*DATA PROVIDED:*
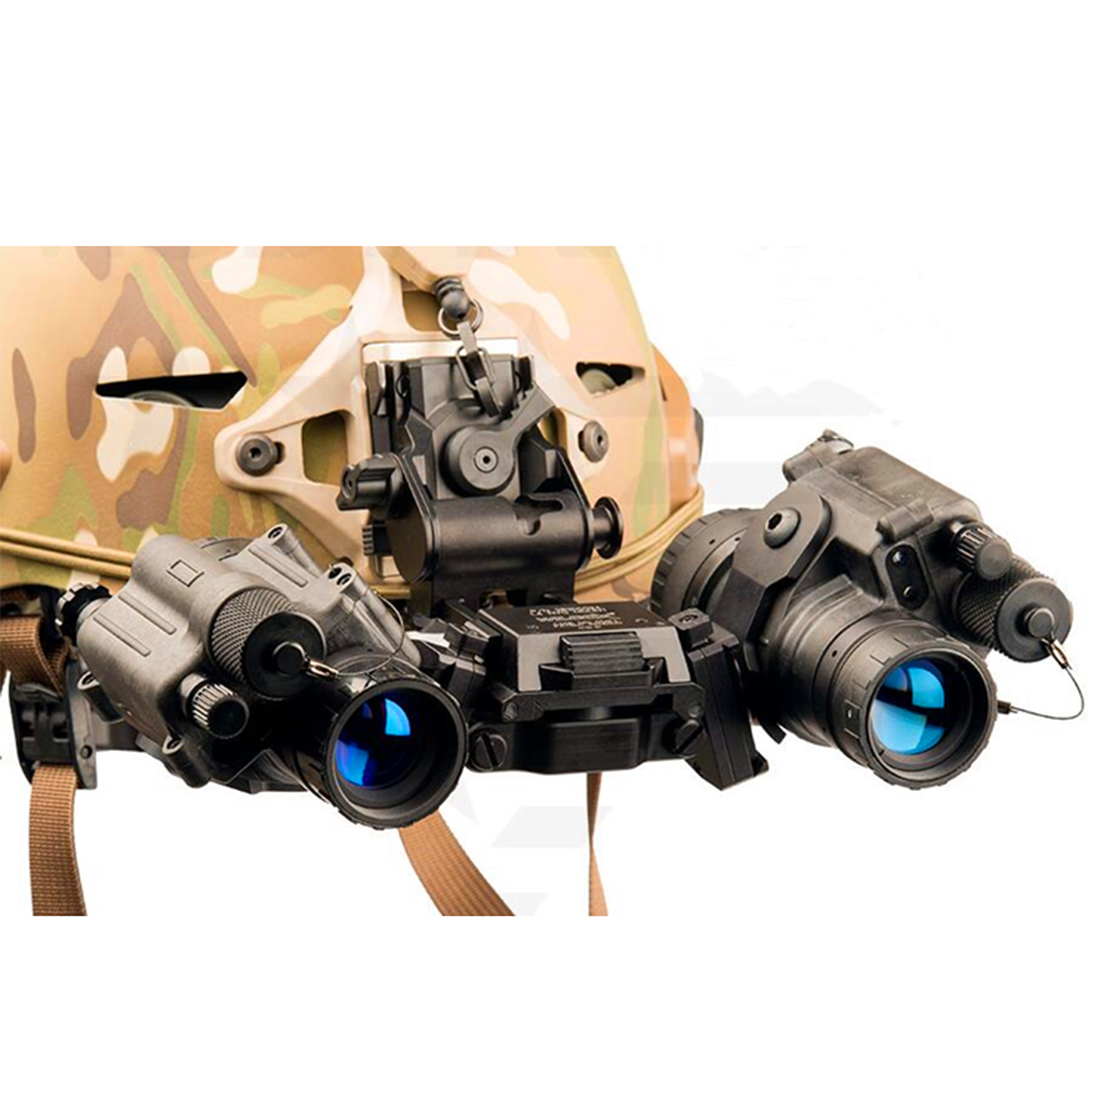 AN/PVS-14 Dual Bracket Holder for Binocular Night-vision (Full Set of Shell, Not Included Image Intensifier Tube)
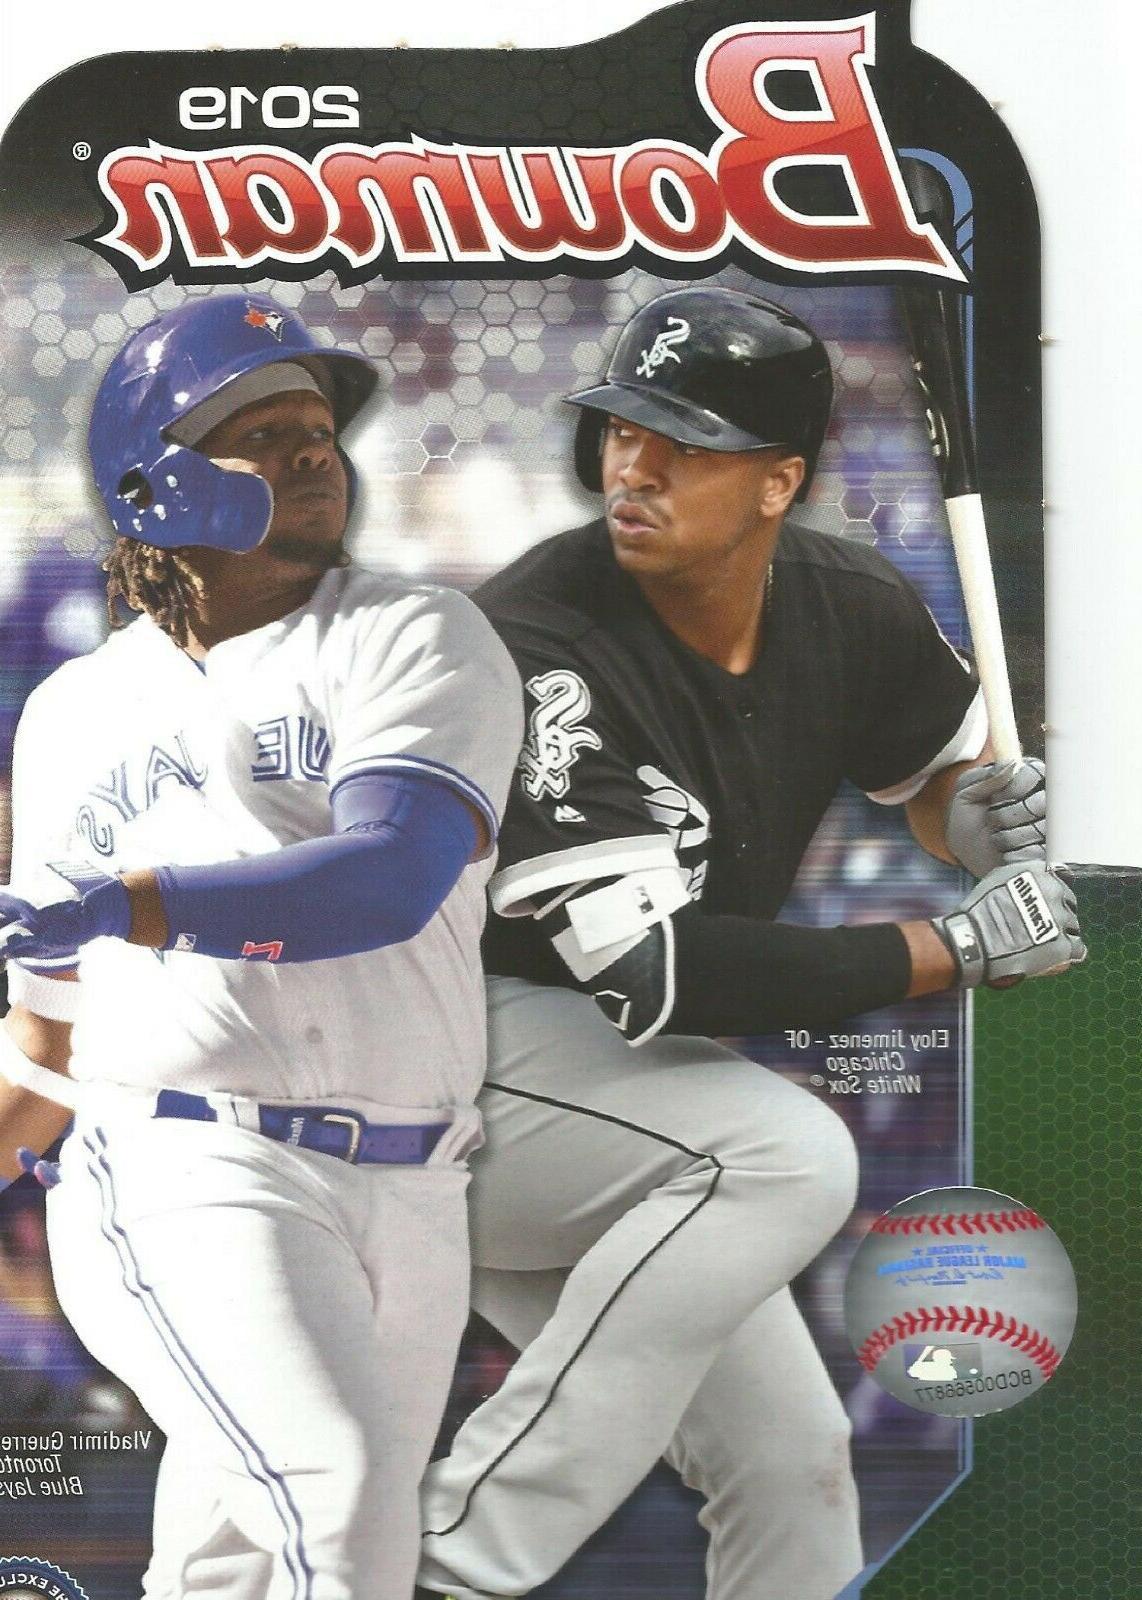 Alec Bohm 2019 Baseball Card
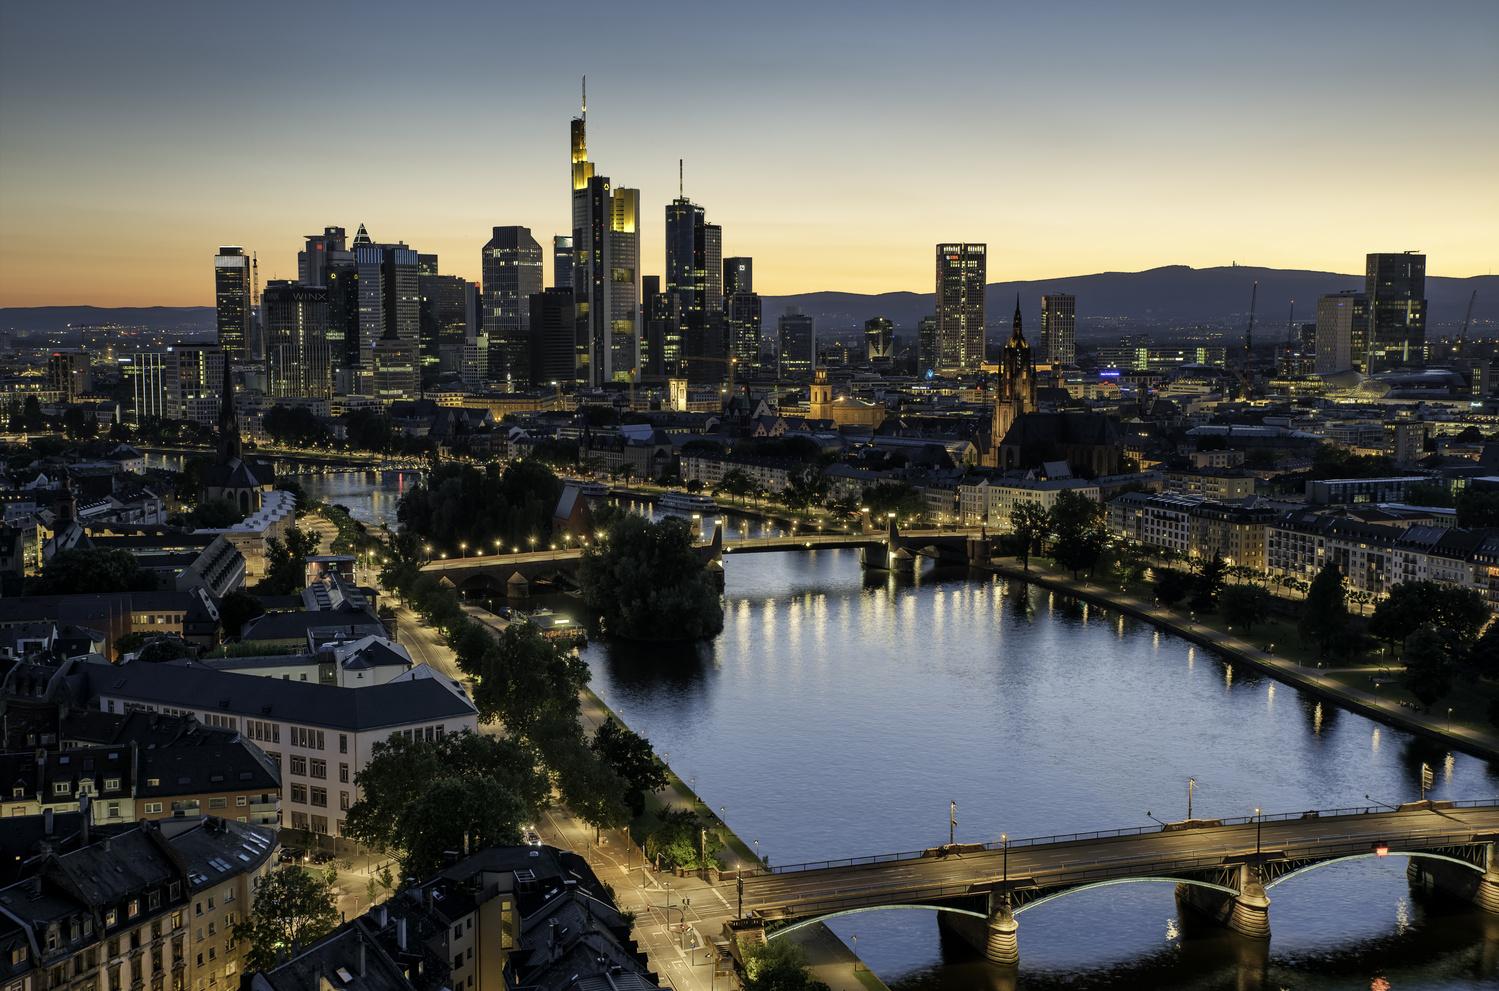 Frankfurt Sunset by Will Reynolds

*WORK INSTRUCTIONS:* Word for word, repeat all the data, but not its images.

*SOLUTION TO THIS TASK:*
 AN/PVS-14 Dual Bracket Holder for Binocular Night-vision (Full Set of Shell, Not Included Image Intensifier Tube)
 Alec Bohm 2019 Baseball Card
 Frankfurt Sunset by Will Reynolds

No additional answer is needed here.